Fenómeno Barrial. 

Los Rodríguez y el arte de cooperar sin ser confiable

Víctor Mijares

23 de enero de 2026


¿Está Delcy Rodríguez cooperando con los Estados Unidos? Si es así, ¿es una colaboradora confiable para una transición? Ella y su hermano Jorge conforman el núcleo de la nueva configuración de poder en la Venezuela posMaduro. A primera vista, cuando se les ve en perspectiva comparada, lucen potencialmente débiles e incluso vulnerables ante los bloques armados liderados por Diosdado Cabello y Vladimir Padrino López, ministros del Interior y de la Defensa, respectivamente. Estos aparentemente poderosos caudillos tendrían el mando directo sobre los cuerpos de seguridad y defensa oficiales, así como parapoliciales y paramilitares. Pero, a su vez, pesa sobre ellos la amenaza latente de recompensas impuestas por la justicia estadounidense, con 25 millones por Cabello y 15 por Padrino. Además, sin lazos directos conocidos con la administración Trump. Es decir, tienen todo el poder duro del cual, en principio, los Rodríguez carecen, pero les faltan las ventajas políticas que los hermanos han venido cultivando desde hace años.


Asumiendo lo que parece evidente en los días que han seguido a la Operation Absolute Resolve, la realidad los ha convertido en assets cruciales en esta nueva etapa del chavismo y de la historia de Venezuela. Sus cualidades de manipulación se requieren para la compleja maniobra en tres fases que el secretario de Estado Marco Rubio ha bosquejado, a saber: i) Estabilización; ii) Recuperación; y iii) Transición. Pero también sus lealtades son necesarias, así sean instrumentales e interesadas, lo que los convierte en fuentes de riesgo. Por eso, antes de responder a las dos preguntas iniciales a punta de intuición, repasemos algunos hechos recientes. 


Según un trabajo publicado el 11 de enero en el diario español ABC, la flamante presidente encargada habría sostenido reuniones en Catar con el ministro de exteriores ruso, Serguéi Lavrov, con el CEO de la petrolera rusa Rosneft, Ígor Sechin, y, más importante aún, con agentes no identificados de la CIA. Estas reuniones se habrían dado entre septiembre y diciembre del año pasado en el marco del despliegue aeronaval estadounidense en el Caribe.

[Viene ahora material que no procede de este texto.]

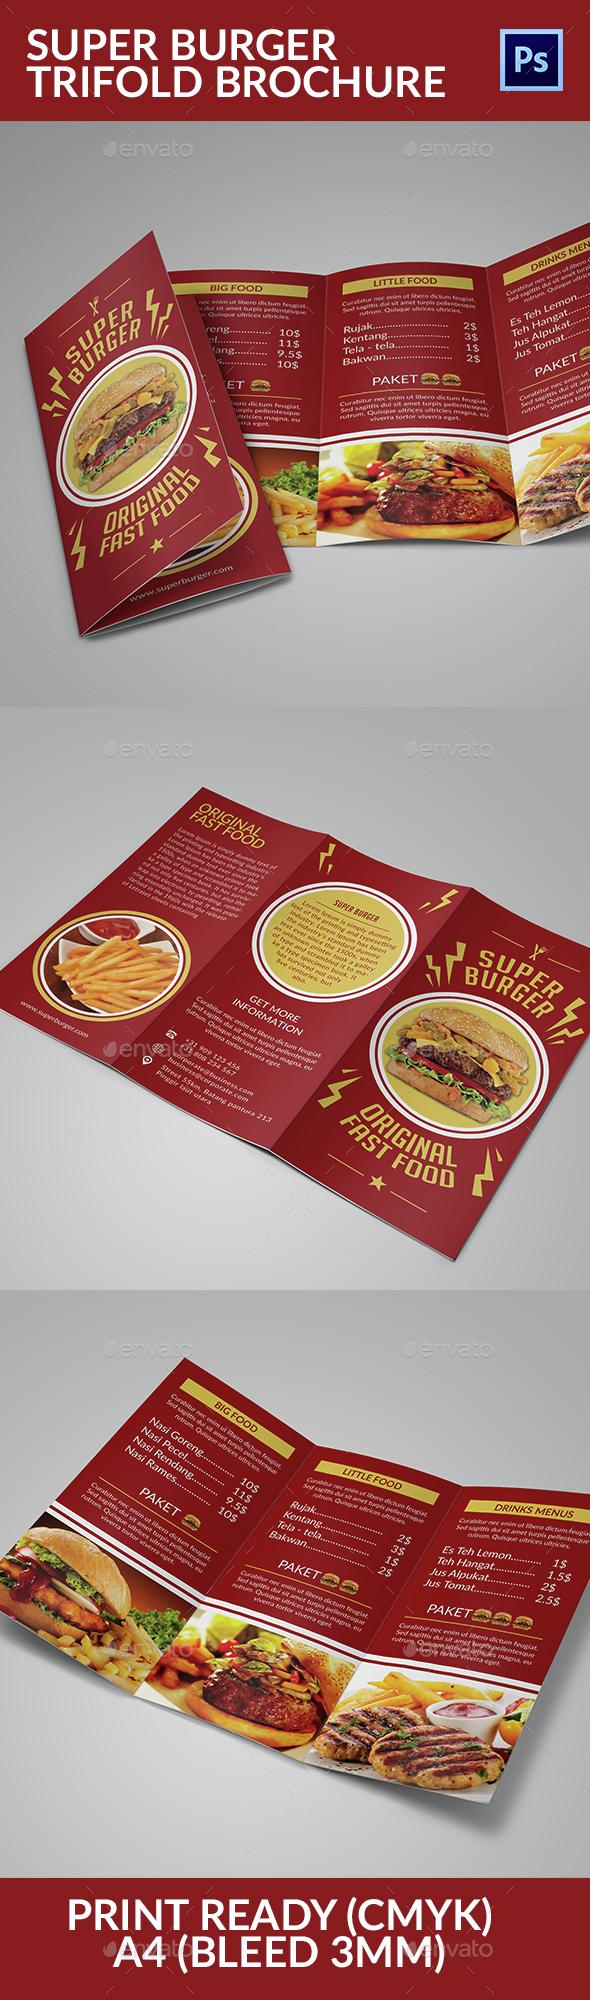 Super Burger Trifold Brochure - Food Menus Print Templates

El día anterior a esa publicación, el 10 de enero, The New York Times publicó que el gobierno interino pidió y recibió apoyo militar estadounidense para obligar a regresar a Venezuela un tanquero petrolero que salió sin autorización ni pago tras la caída de Maduro. La operación, inédita entre ambos países, refleja tanto la cooperación táctica para controlar el petróleo como las tensiones internas del chavismo, en particular con facciones vinculadas a quien sería el artífice de esta frustrada fuga de crudo, el barranquillero Alex Saab. Un día después, Trump, en su cuenta de Truth Social publicó: “Venezuela now has the United States of America, the most powerful military in the World (by far!), to protect them, and protect them we will”.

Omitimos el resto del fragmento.